= AeroMobile =

Mobile network operator for the aviation industry

AeroMobile Communications Limited is a registered mobile network operator for the aviation industry and is based in the UK. It provides technology and services that allow the safe use of passengers' own mobile phones while inflight. A subsidiary of Panasonic Avionics Corporation its services are often installed alongside Panasonic's Wi-Fi network and can be installed either at the point of aircraft manufacture or retro-fitted across both Airbus and Boeing aircraft. Panasonic Avionic's Wi-Fi network and AeroMobile's mobile phone network are complimentary services and provide passengers with a choice of inflight connectivity options.

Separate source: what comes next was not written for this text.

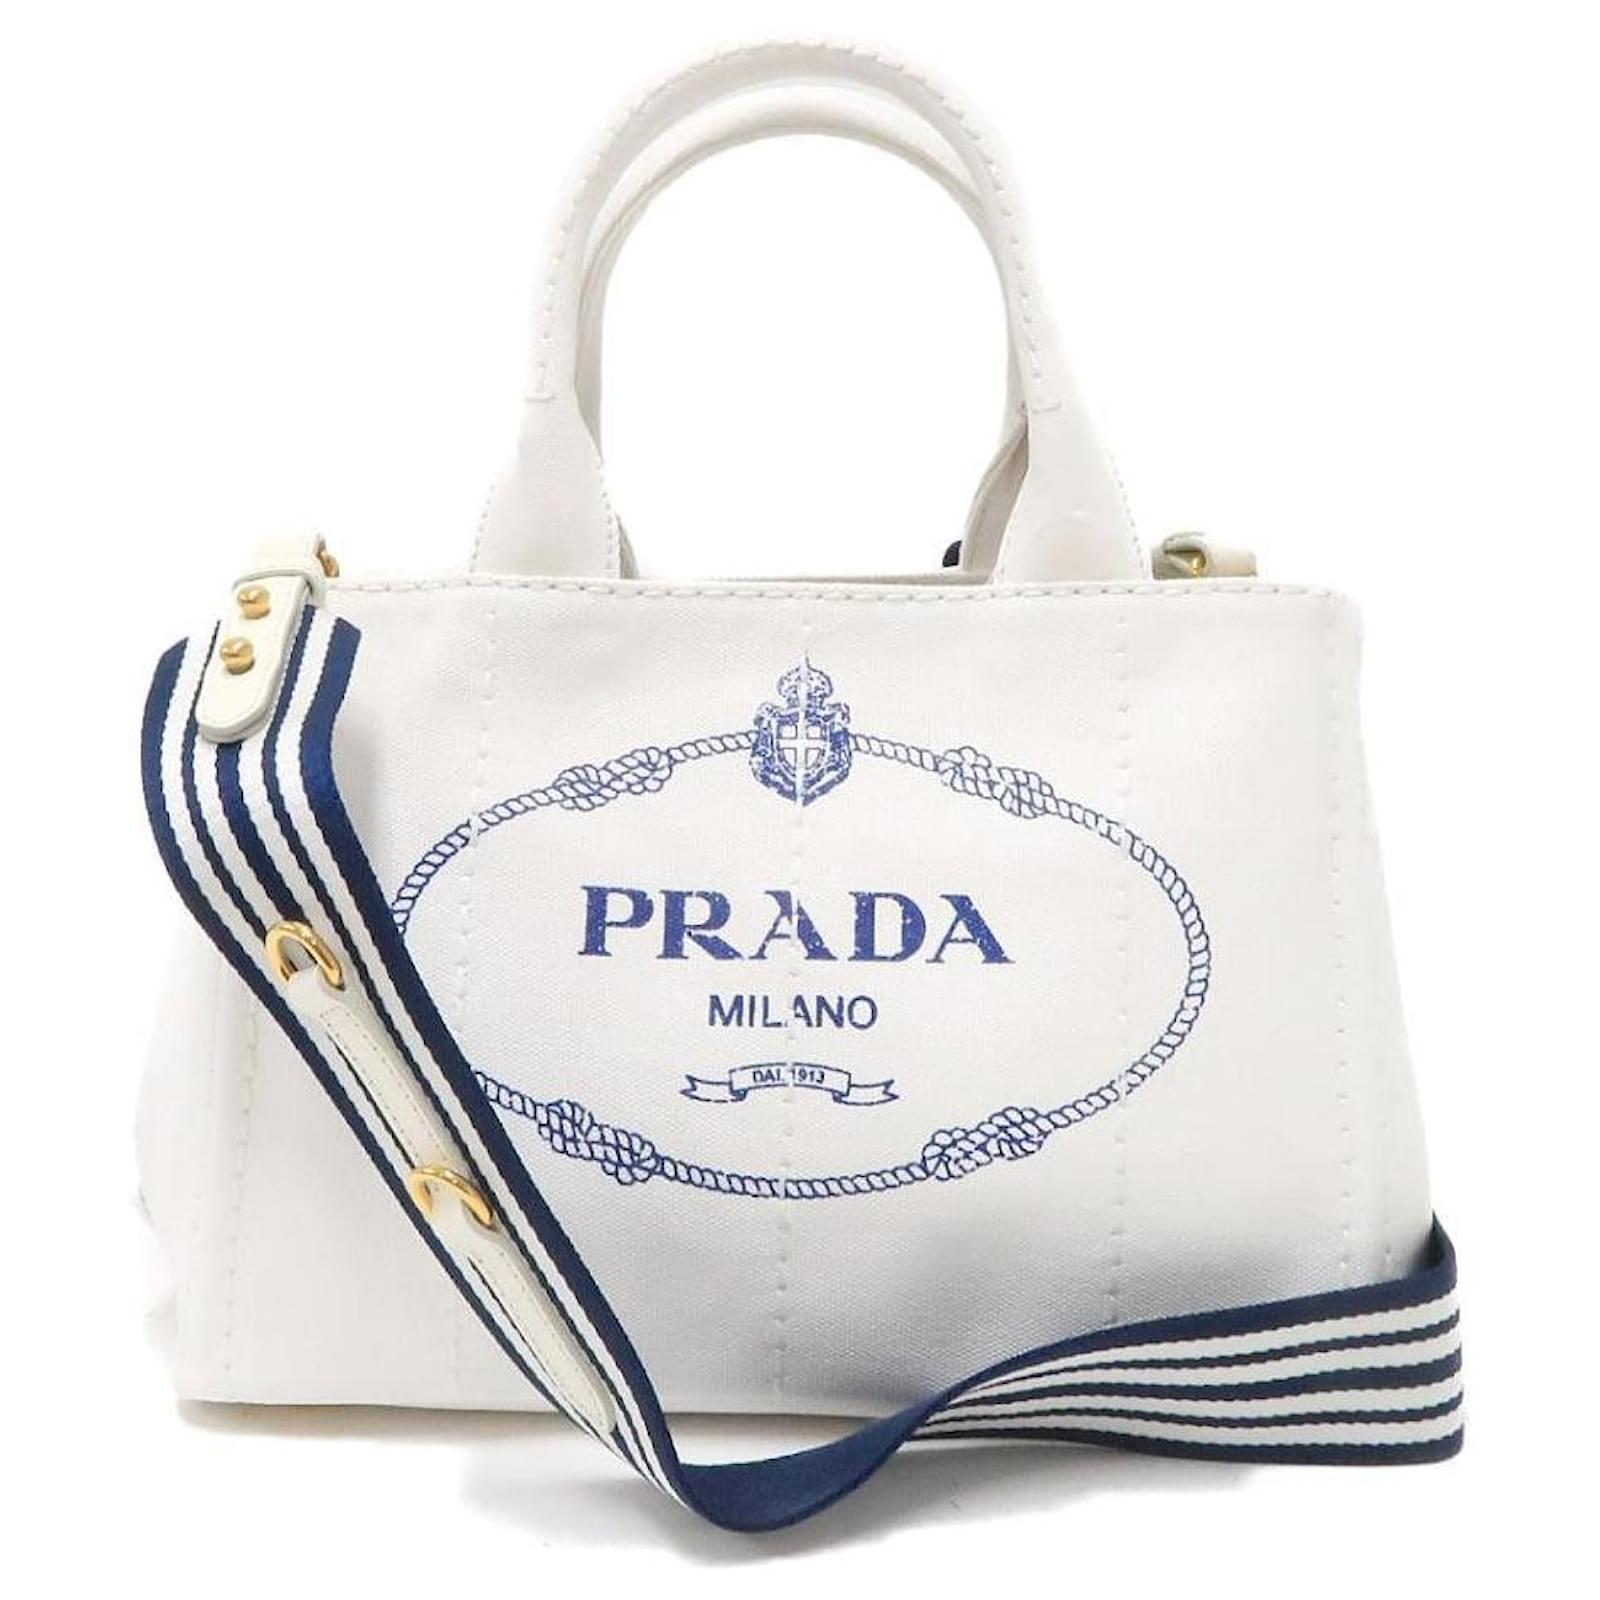 Prada Pre-Owned Designer Handbags in Pre-Owned - Walmart.com

Since launching the service in March 2008, over 40 million passengers have connected to the network. and AeroMobile now has over 20 airline partners offering passengers inflight voice, SMS and data services on selected, connected flights. Airline partners include Emirates, Etihad, KLM, Lufthansa, SAS, Virgin Atlantic, Singapore Airlines, Cathay Pacific and Turkish Airlines.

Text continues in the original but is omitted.